Si le non-Juif a réalisé une mélakha pour le Juif, pendant Chabbat, il est interdit d’en profiter avant la fin du Chabbat. À l’issue même du Chabbat, il reste interdit d’en profiter avant que n’expire le temps qui serait nécessaire à l’exécution de la même mélakha de manière permise. Si la mélakha faite par des non-Juifs à l’intention du Juif l’a été publiquement, comme dans le cas de la construction d’une maison, nos sages décrètent qu’il sera pour toujours interdit à ce Juif d’habiter dans une telle maison. Mais il lui est permis de vendre cette maison à un autre Juif. (En cas de nécessité pressante, on lui permet d’habiter dans la maison construite à son intention ; Choul’han ‘Aroukh 244, 3-4 ; 325, 14 ; Michna Beroura 244, 19-20 ; 325, 73).

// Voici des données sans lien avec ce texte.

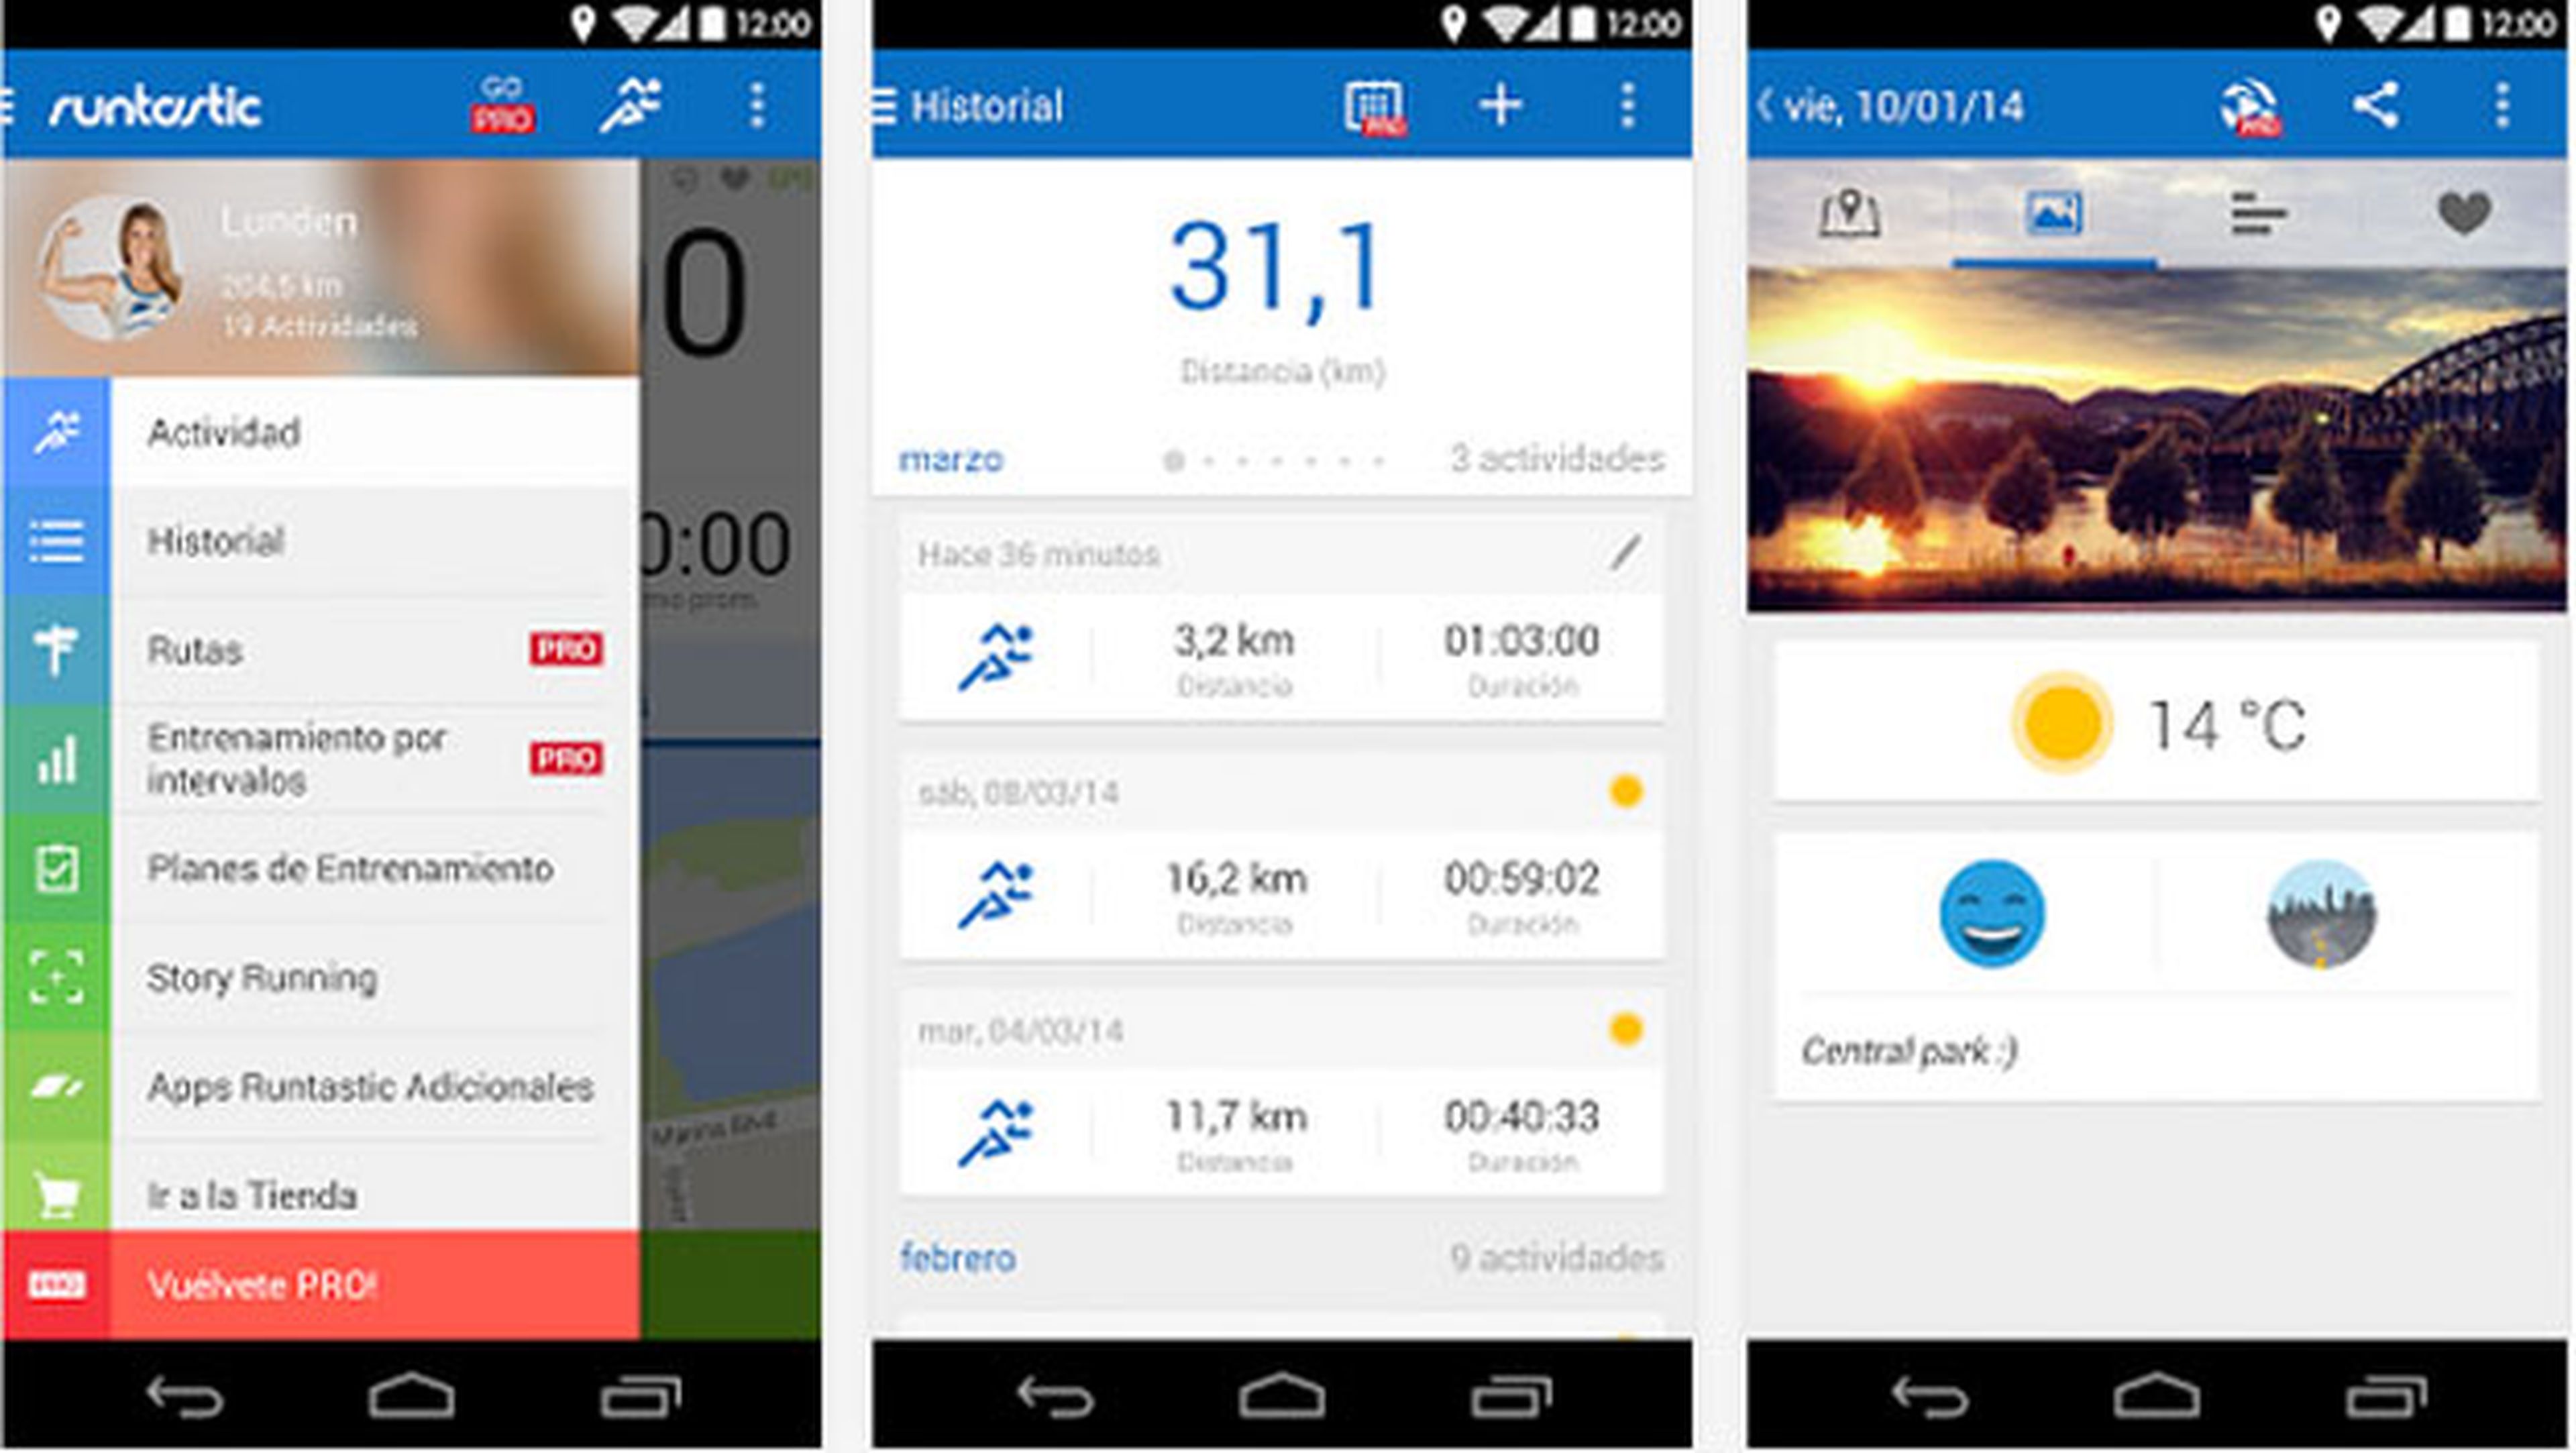 Las 11 mejores apps para hacer deporte (Android e iPhone)
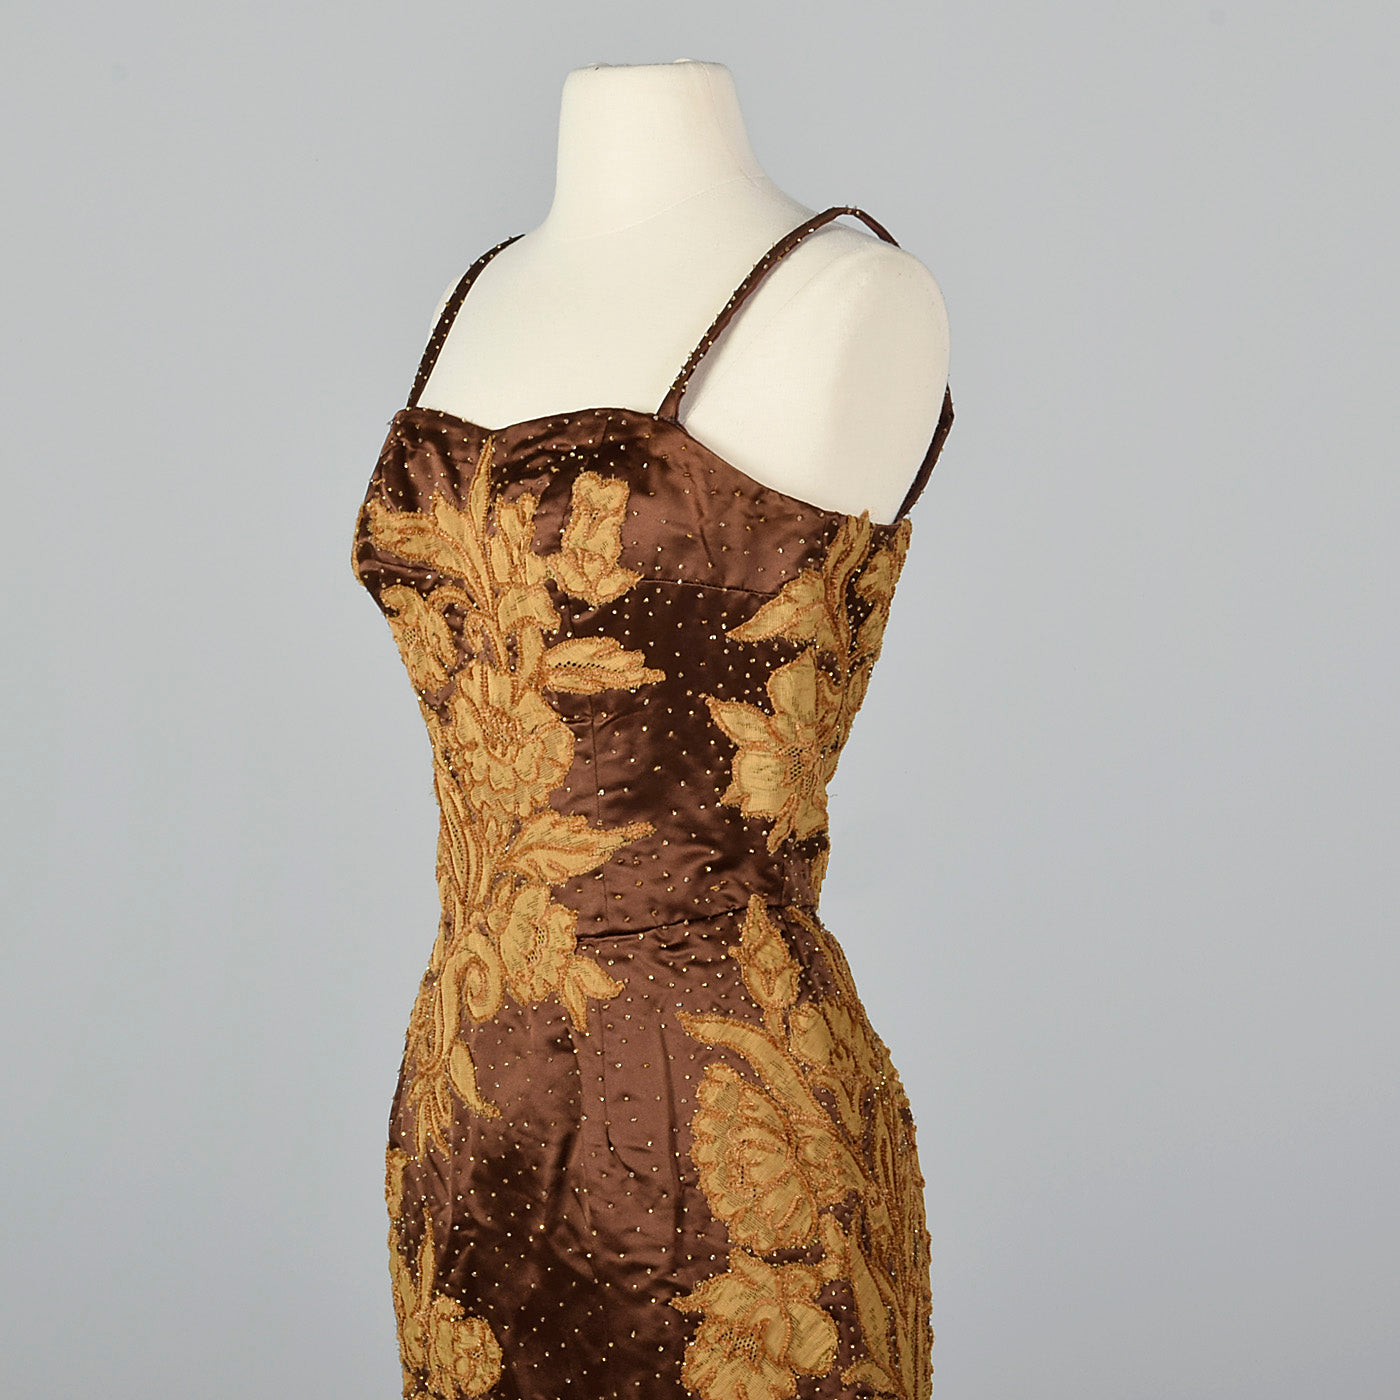 1950s Brown Dress with Lace Applique

Ce que nous venons de dire concerne le salarié (sakhir). Mais si le non-Juif est un métayer (aris), qui travaille dans le champ du Juif – c’est-à-dire que le champ appartient au Juif et que le non-Juif prend à sa charge la pleine responsabilité de le mettre en valeur, en échange de quoi il reçoit un pourcentage des fruits –, il sera permis au non-Juif de travailler dans le champ le Chabbat, car il est associé aux bénéfices, de sorte qu’il travaille pour ses propres besoins.

De même, il est permis à un Juif propriétaire d’une usine ou d’un magasin de confier à un non-Juif le soin de faire fonctionner ceux-ci pendant Chabbat, contre un pourcentage des bénéfices. Bien que le Juif ait part, lui aussi, aux bénéfices du travail effectué par le non-Juif pendant Chabbat, cela n’est pas considéré comme un travail accompli à l’intention du Juif : puisque le non-Juif travaille pour son propre bénéfice, on ne considère pas qu’il travaille pour le Juif, et il est dès lors permis au Juif de toucher un pourcentage du produit de ce travail[7].

Dans le même sens, il est permis à un Juif propriétaire d’un champ, d’une usine ou d’un magasin en dehors d’Israël de les louer à un non-Juif, et que celui-ci y travaille également le Chabbat : puisque le Juif reçoit son loyer de toute manière, le non-Juif, lorsqu’il travaille pendant Chabbat, le fait pour lui-même. Cela, à condition de ne pas louer le magasin, le champ ou l’usine exclusivement le Chabbat, car cela signifierait que le Juif est intéressé à ce que le non-Juif travaille pendant Chabbat. On prévoira donc une location pour une semaine, un mois, ou un an, de façon que le loyer relatif au Chabbat soit absorbé dans le loyer général.


[7]. Les responsa Noda’ Biyehouda I 29 permettent également cela dans le cas où le travailleur est salarié, mais où, en dehors de son salaire, il reçoit une petite commission pour toute opération réussie ; car de cette façon aussi, l’employé est considéré comme travaillant pour lui-même. C’est une option possible pour les patrons de fabrique ou de sociétés de télémarketing : ils peuvent donner une commission pour toute opération réussie, grâce à quoi l’employé sera considéré comme travaillant pour lui-même. Le ‘Hatam Sofer, Ora’h ‘Haïm 59 exige que la commission reçue pour toute réussite soit significative, faute de quoi le travail du salarié serait essentiellement motivé par le salaire qu’il reçoit du Juif.